Start of DATASET SECTION

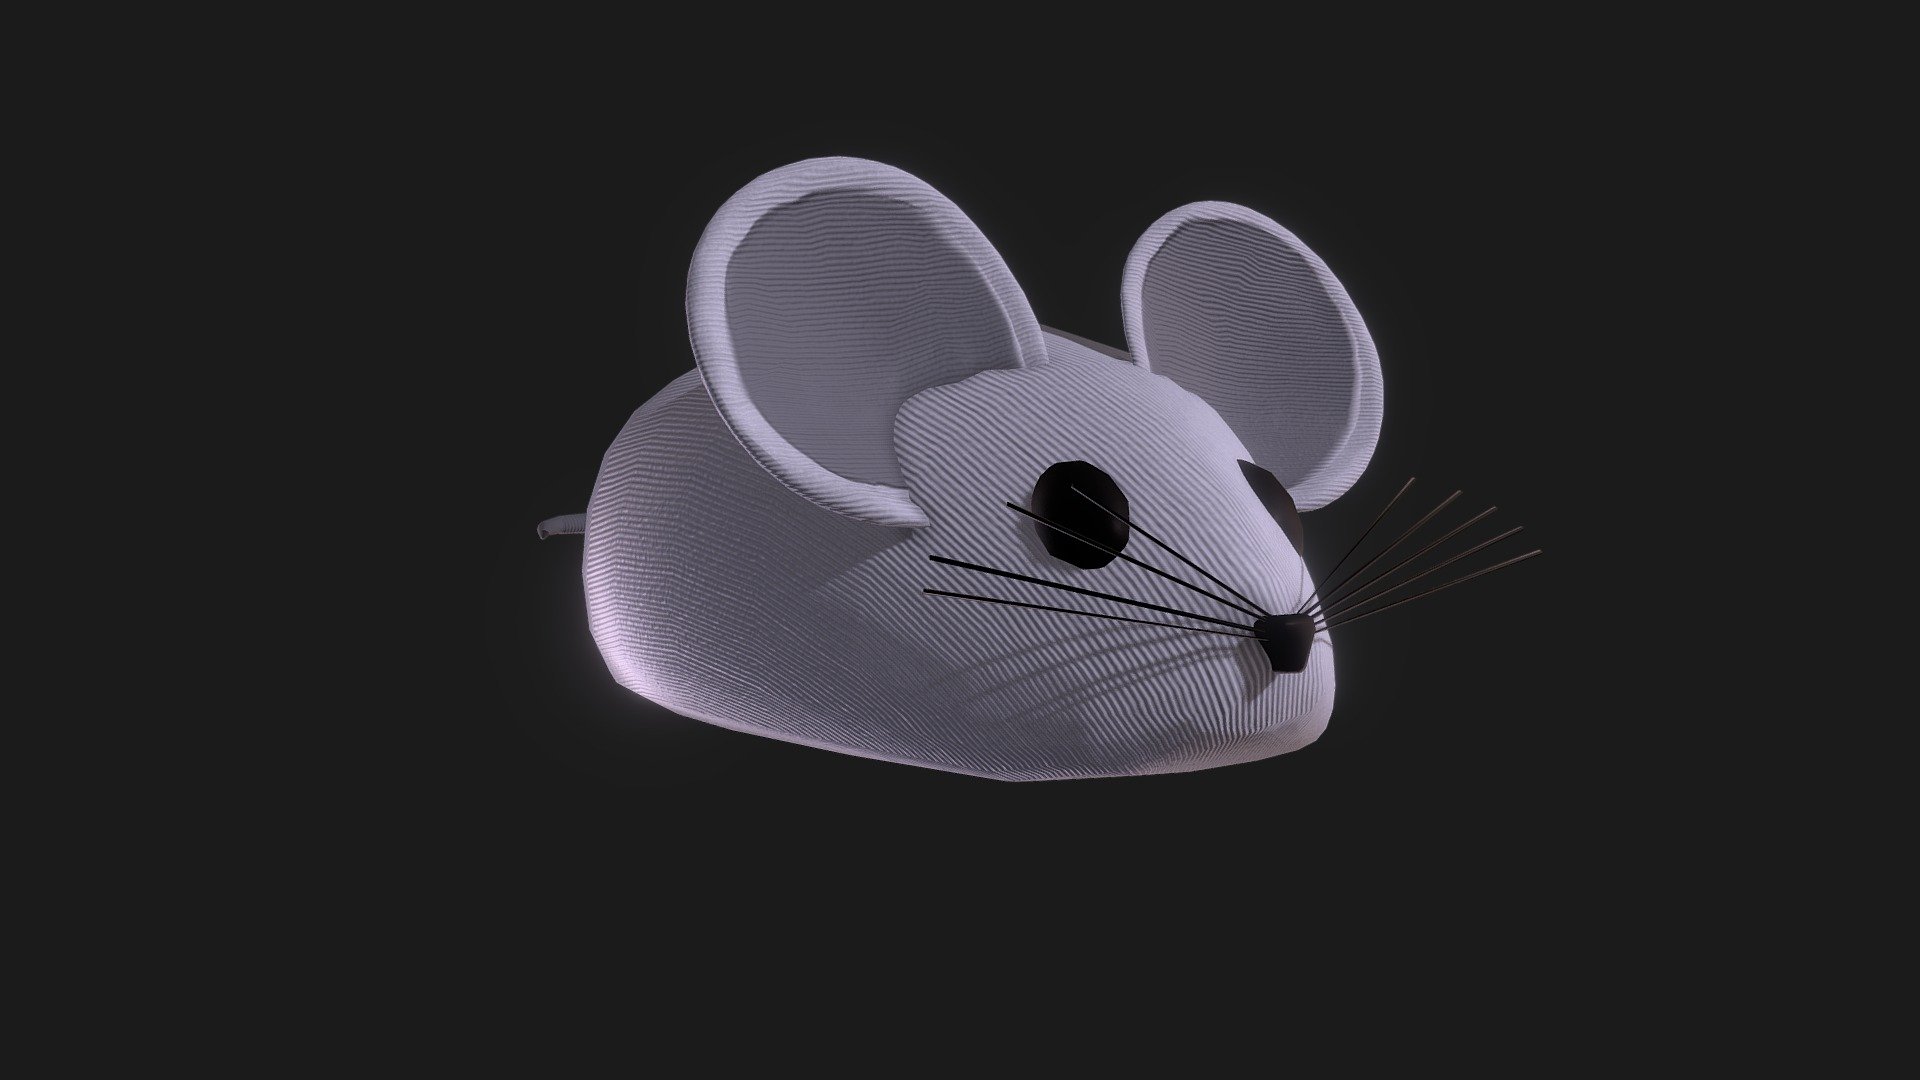 A rigged mouse that was used for a hackathon 3d model
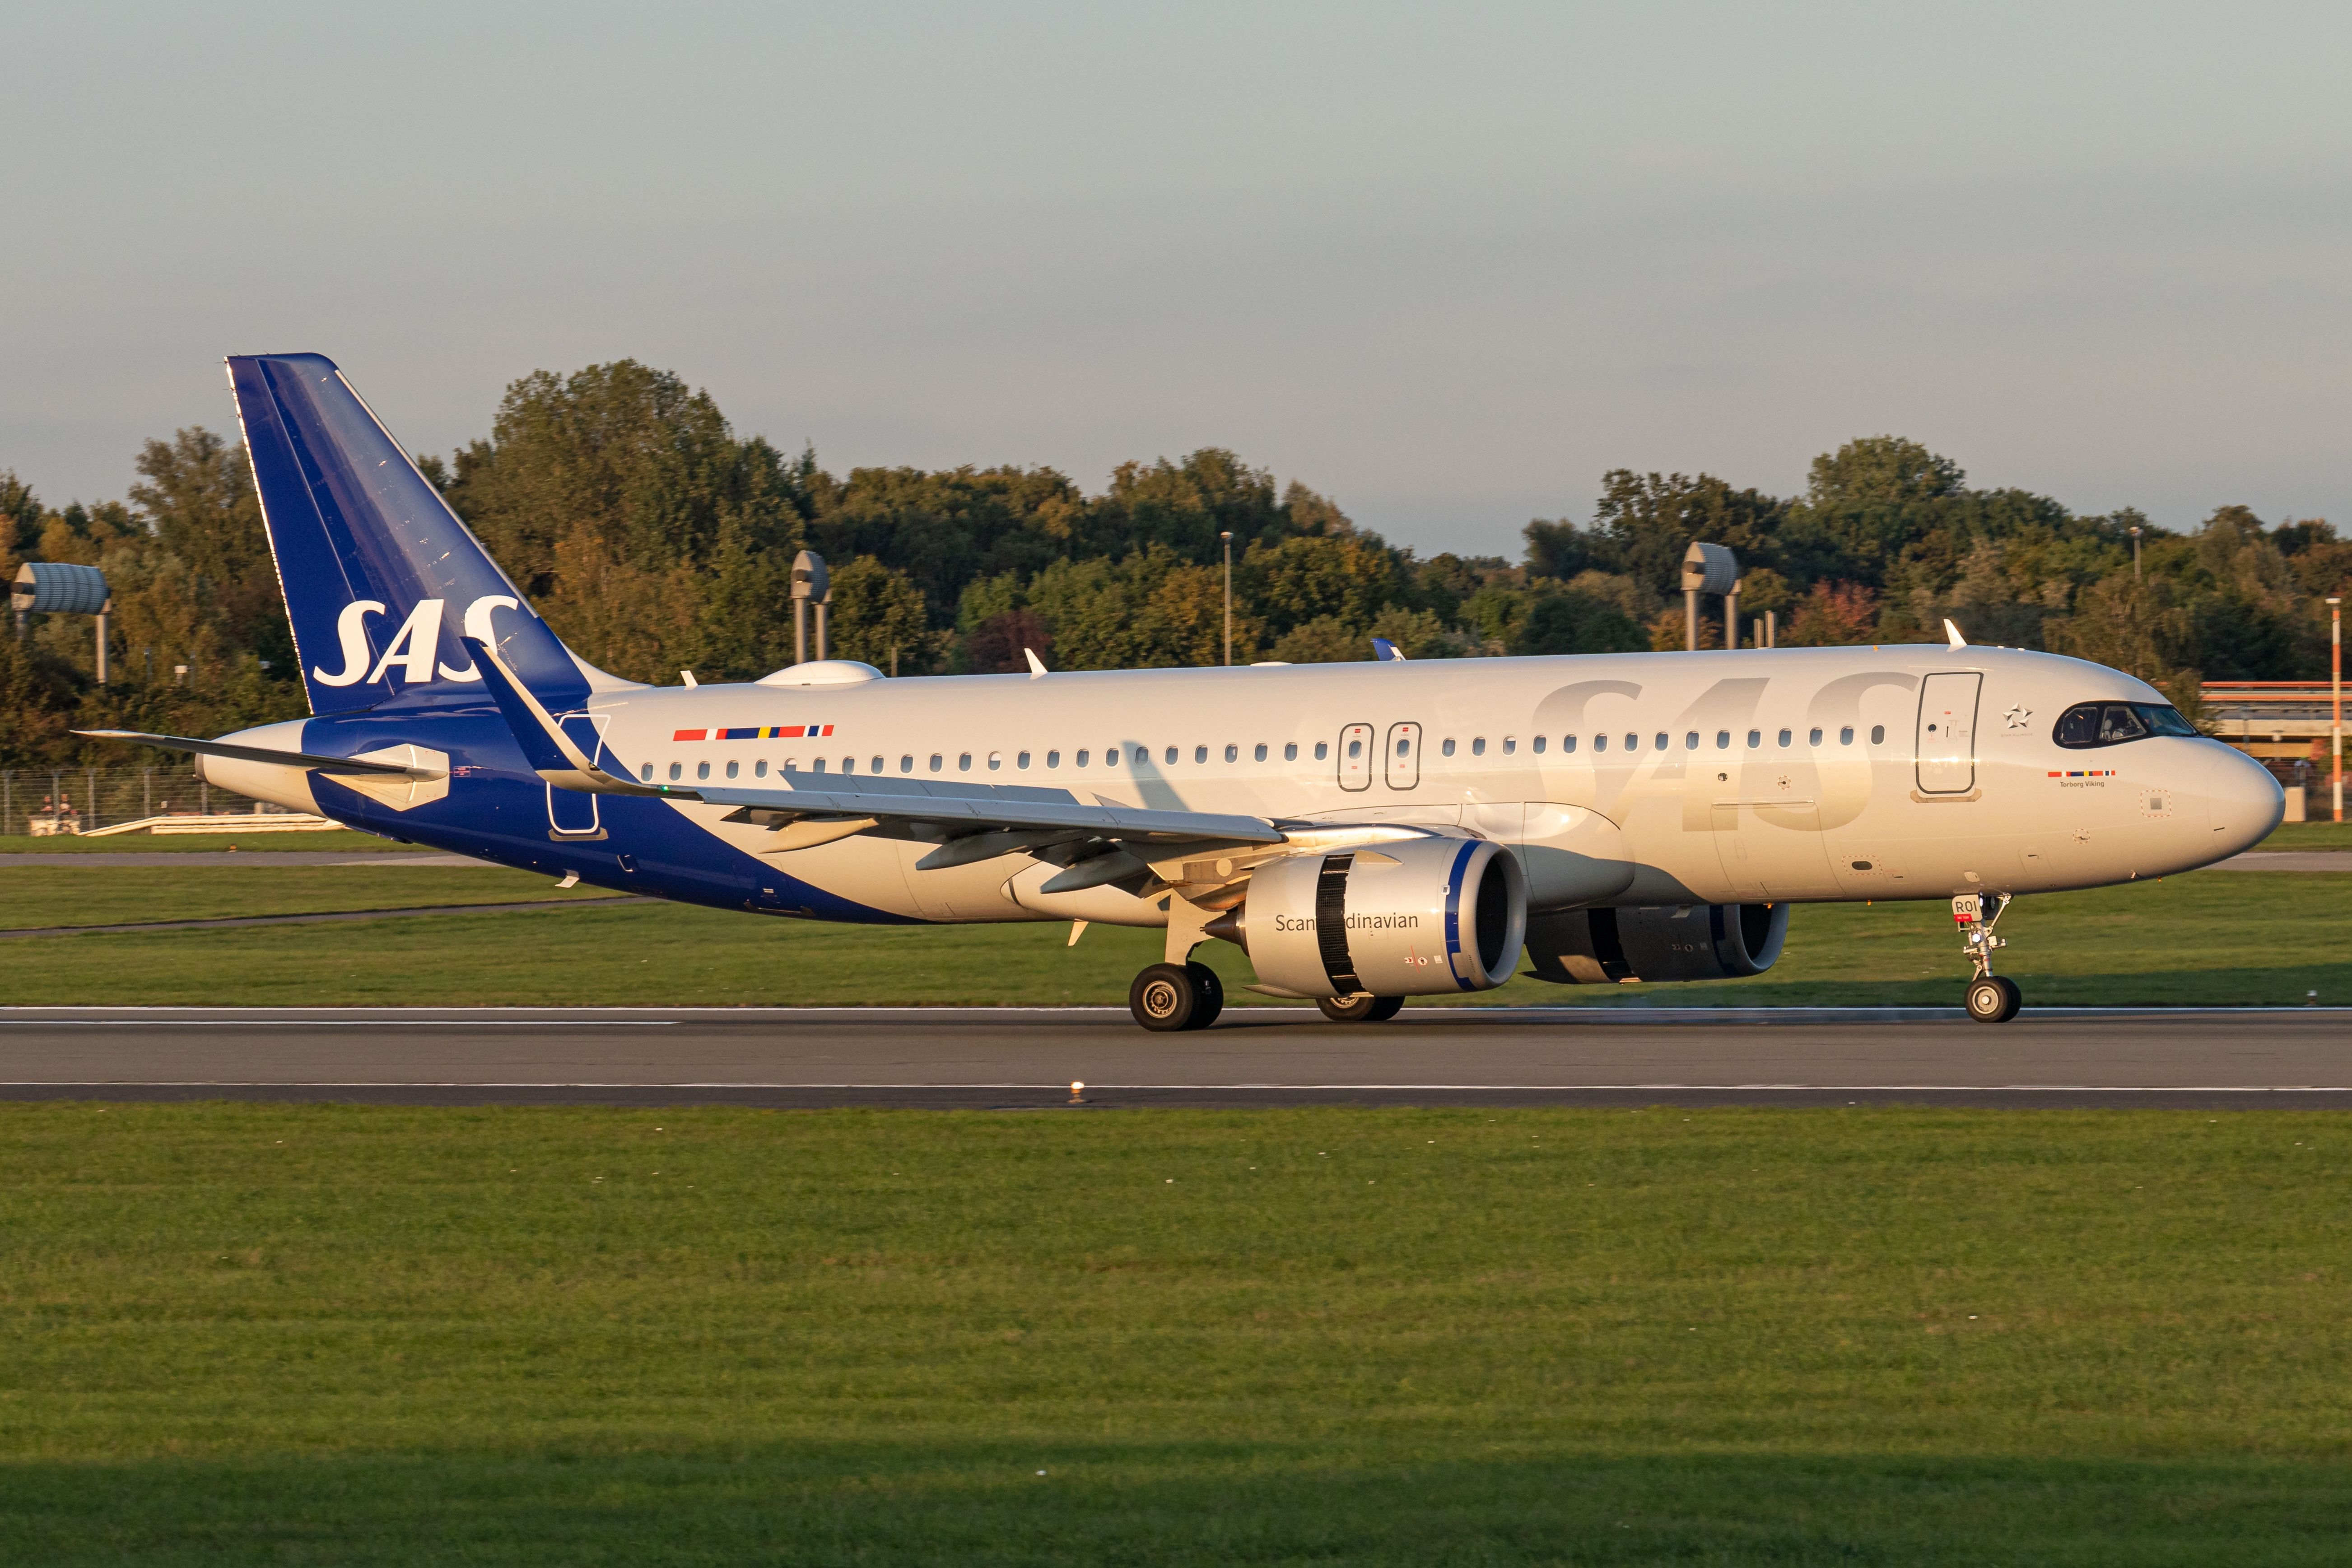 An SAS Airbus A320neo on the runway.
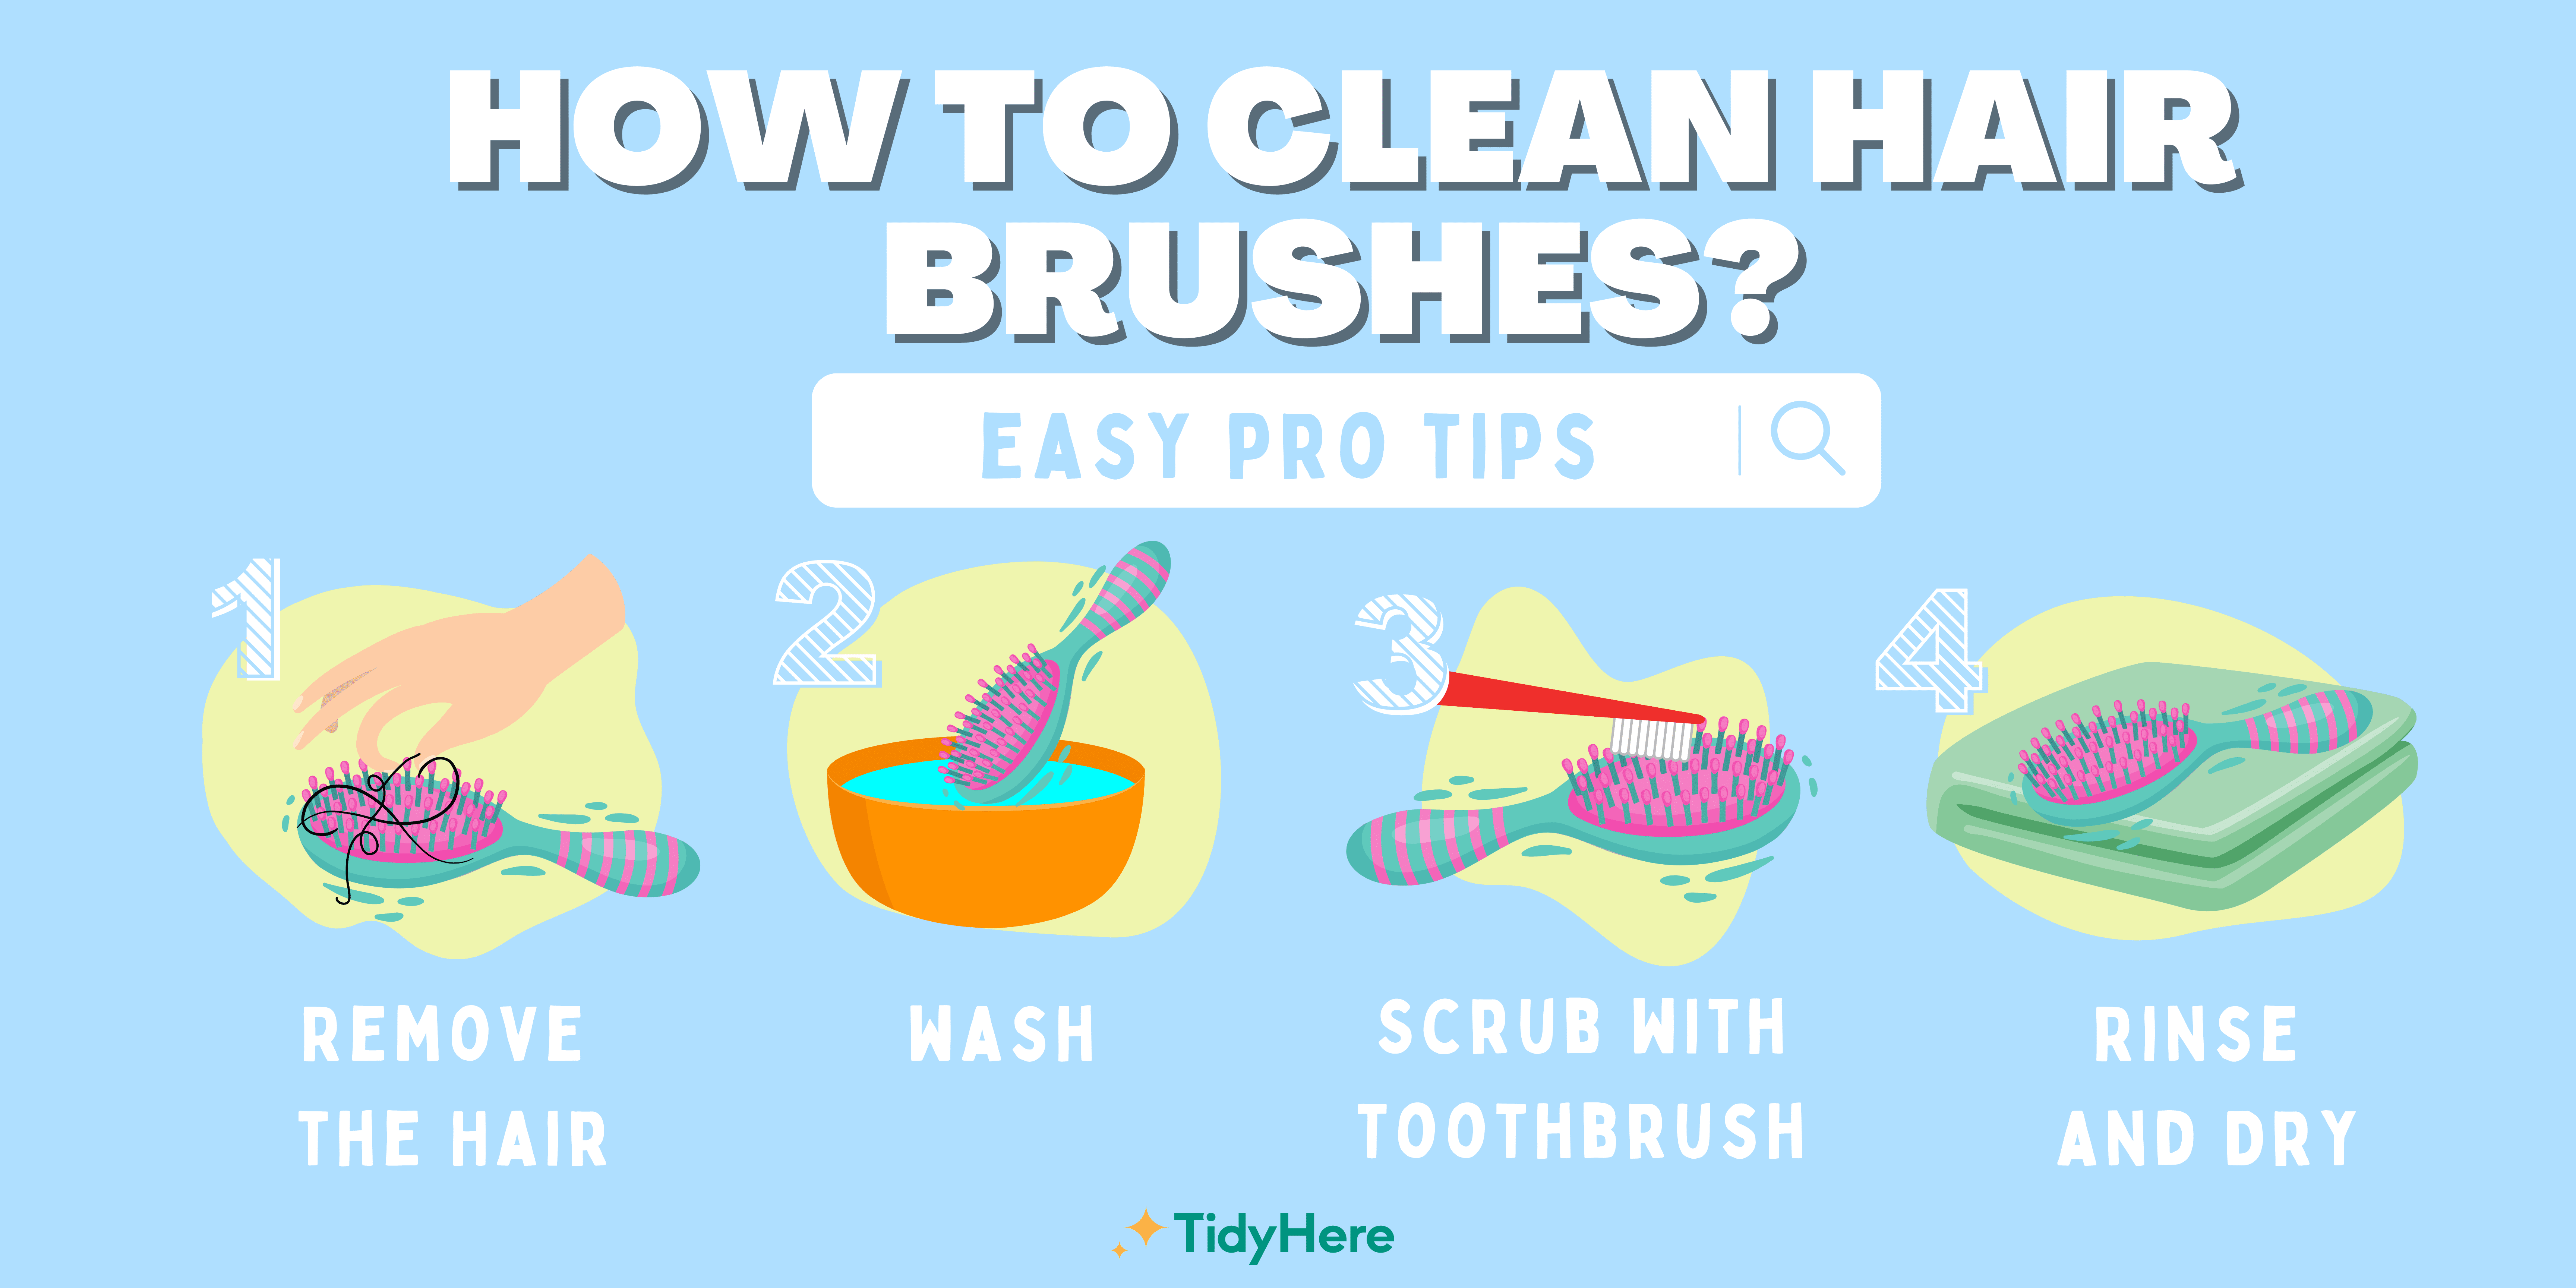 how to clean hair brushes easy pro tips infographic

End of DATASET SECTION

_WORK ORDER_. When you write out the data, keep every line exact and drop the pictures.

_RESULT OF THIS EXERCISE_.
 A rigged mouse that was used for a hackathon 3d model
 An SAS Airbus A320neo on the runway.
 how to clean hair brushes easy pro tips infographic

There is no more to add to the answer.